100% agreed. By analogy, an article titled “pthreads’ problem” should be about shortcomings in the POSIX multithreading model, not an article saying that the implementation of machine-level parallelism is irrelevant because Kubernetes exists.

A few years ago a new guy at our DWH team tried to sell Airflow to the rest of the team. They invited me to listen to his talk as well, and I was baffled why something so trivial as Airflow was being sold as a critically important piece of infrastructure.

Why would I need a glorified server-side crontab if something like MS DTS from 1998 could do the same, but better? Sure, Python is probably better than whatever DTS generated, but the ops don't care either way, since Airflow doesn't care what it's running.

Something as simple as "job A must run after job B and job C, but if it doesn't start by 2am, wake up team X. If it doesn't finish by 4am, wake up team Y" isn't Airflow's problem, it's your problem.

"What's the overall trend for job D's finish time, what is the main reason for that?" isn't Airflow's problem, it's your problem. "What jobs are on the critical path for job E?" isn't Airflow's problem, it's your problem.

"Job F failed for date T and then recursively restart everything that uses its results for date T" isn't Airflow's problem, it's your problem.

>and I was baffled why something so trivial as Airflow was being sold as a critically important piece of infrastructure.


>Something as simple as "job A must run after job B and job C, but if it doesn't start by 2am, wake up team X. If it doesn't finish by 4am, wake up team Y" isn't Airflow's problem, it's your problem.

I guess that's one approach to job security. And why not make data egress manual too? Why transfer data through the network, when you can print them, mail the papers, and type them back in? Data input is not the computer's problem, it's your problem!

>Something as simple as "job A must run after job B and job C, but if it doesn't start by 2am, wake up team X. If it doesn't finish by 4am, wake up team Y" isn't Airflow's problem, it's your problem. "What's the overall trend for job D's finish time, what is the main reason for that?" isn't Airflow's problem, it's your problem. "What jobs are on the critical path for job E?" isn't Airflow's problem, it's your problem. "Job F failed for date T and then recursively restart everything that uses its results for date T" isn't Airflow's problem, it's your problem.

The whole idea of writing programs is making things automatable. That is, making them the computer's problem, not our problem.
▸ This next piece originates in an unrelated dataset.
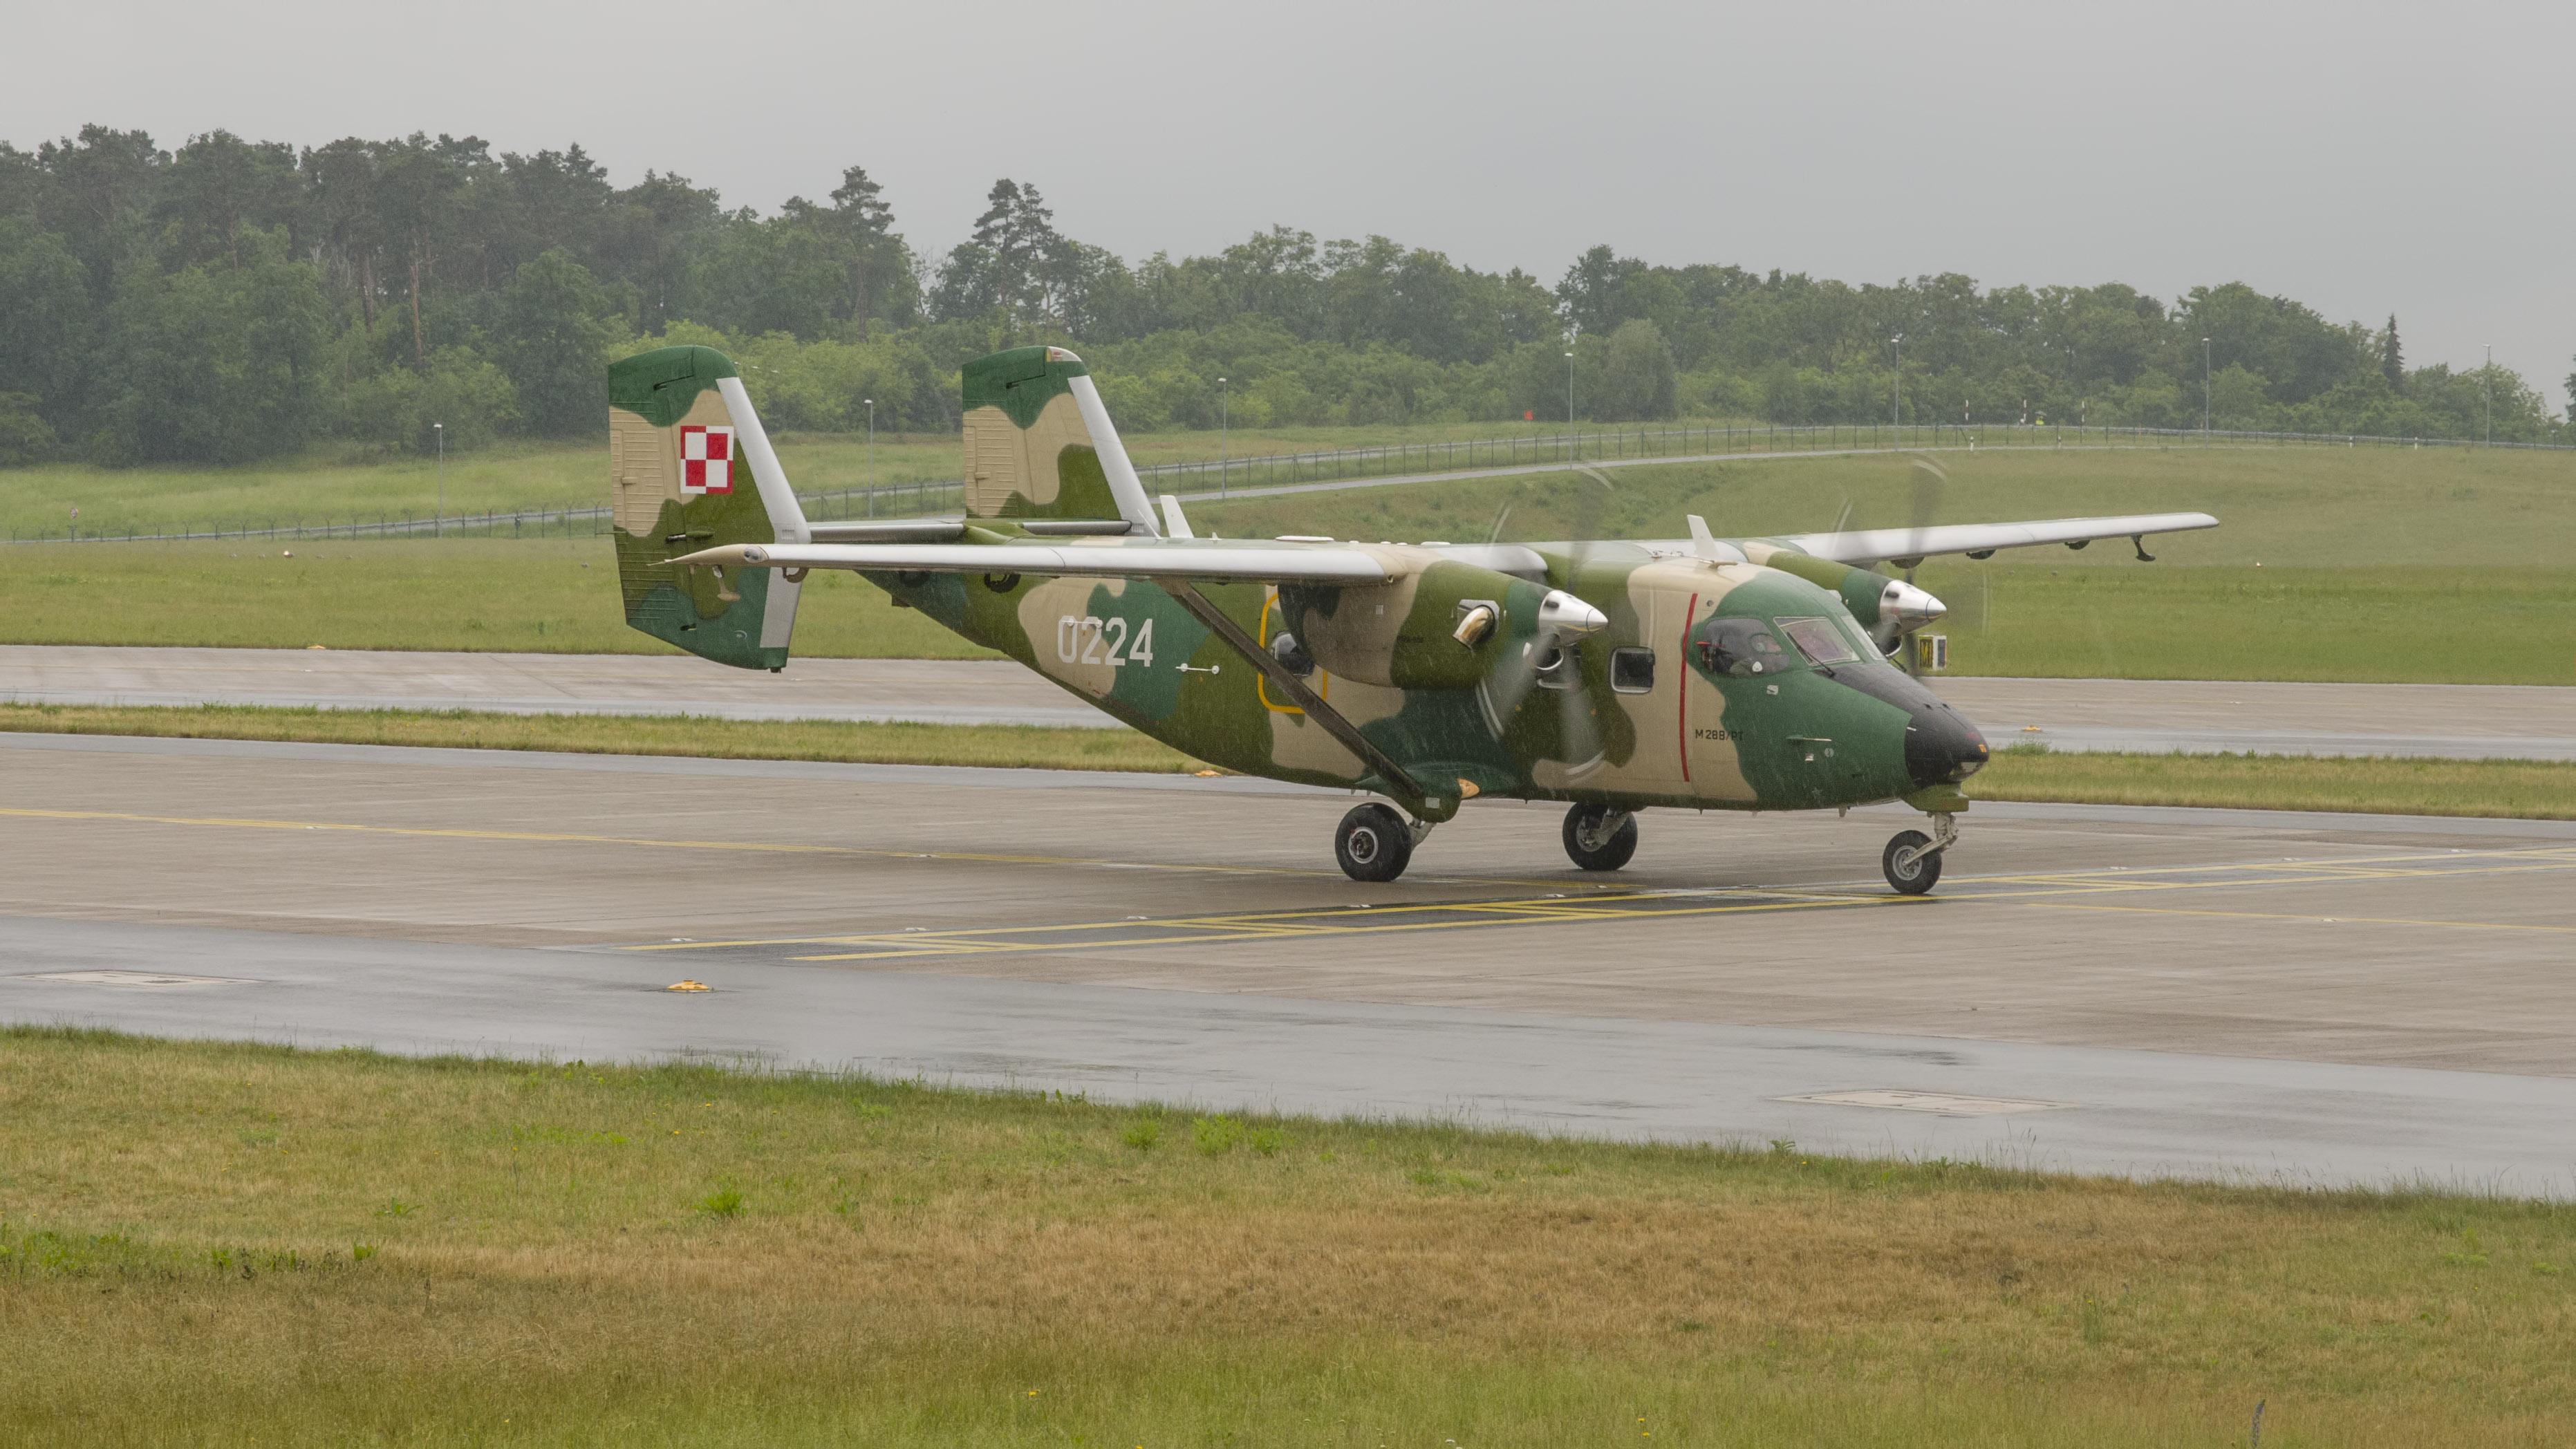 _IMG1779 PZL-Mielec M-28B-PT Bryza 1TD Polish air force 0224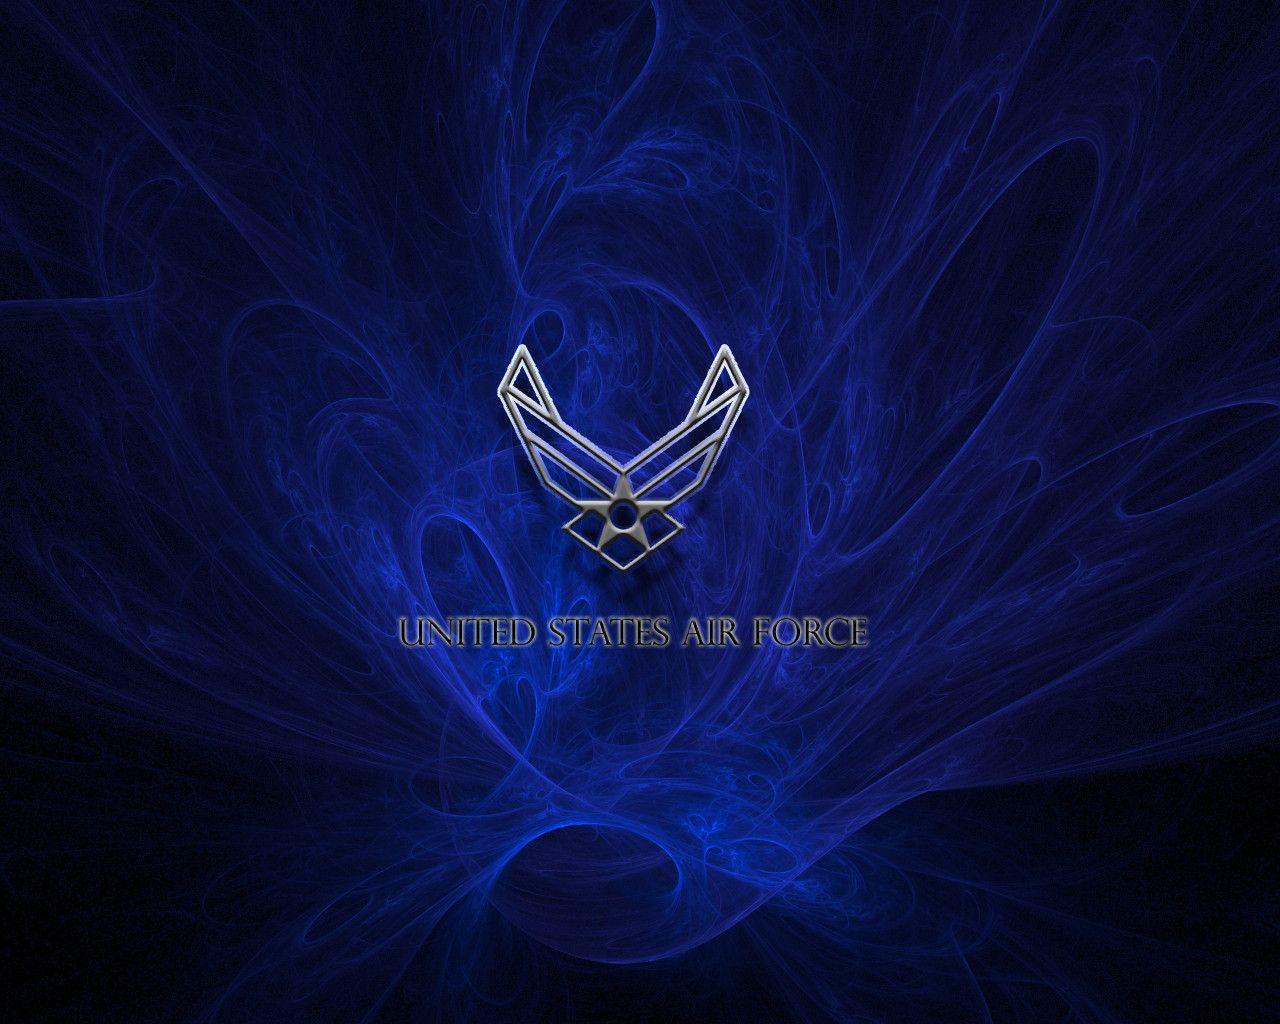 30 Image For Desktop United States Air Force

We get the higher level problem of writing the automation once, and fixing any bugs in our code, then we get to enjoy putting it to work for us...

I think you've misunderstood my point. I don't want all these problems to be mine, I want whatever job orchestrator I choose to solve them. Airflow very explicitly doesn't try to solve them, doesn't even try to solve them badly, it just runs jobs when scheduled.

Well, Airflow is not that great, but does try to solve these problems: it has retries, it shows "jobs are on the critical path" for another job, and how they're doing, and so on...

> isn't Airflow's problem, it's your problem

This is a baffling statement.

It is, that's why I was so baffled by the feature set of Airflow. It doesn't even try to take a stab at these problems.

Oh! I took that to mean that you thought Airflow shouldn't do it, not that Airflow thought Airflow shouldn't do it.

> Shift 1: “We know the lineage” to “We know what in god’s name is happening”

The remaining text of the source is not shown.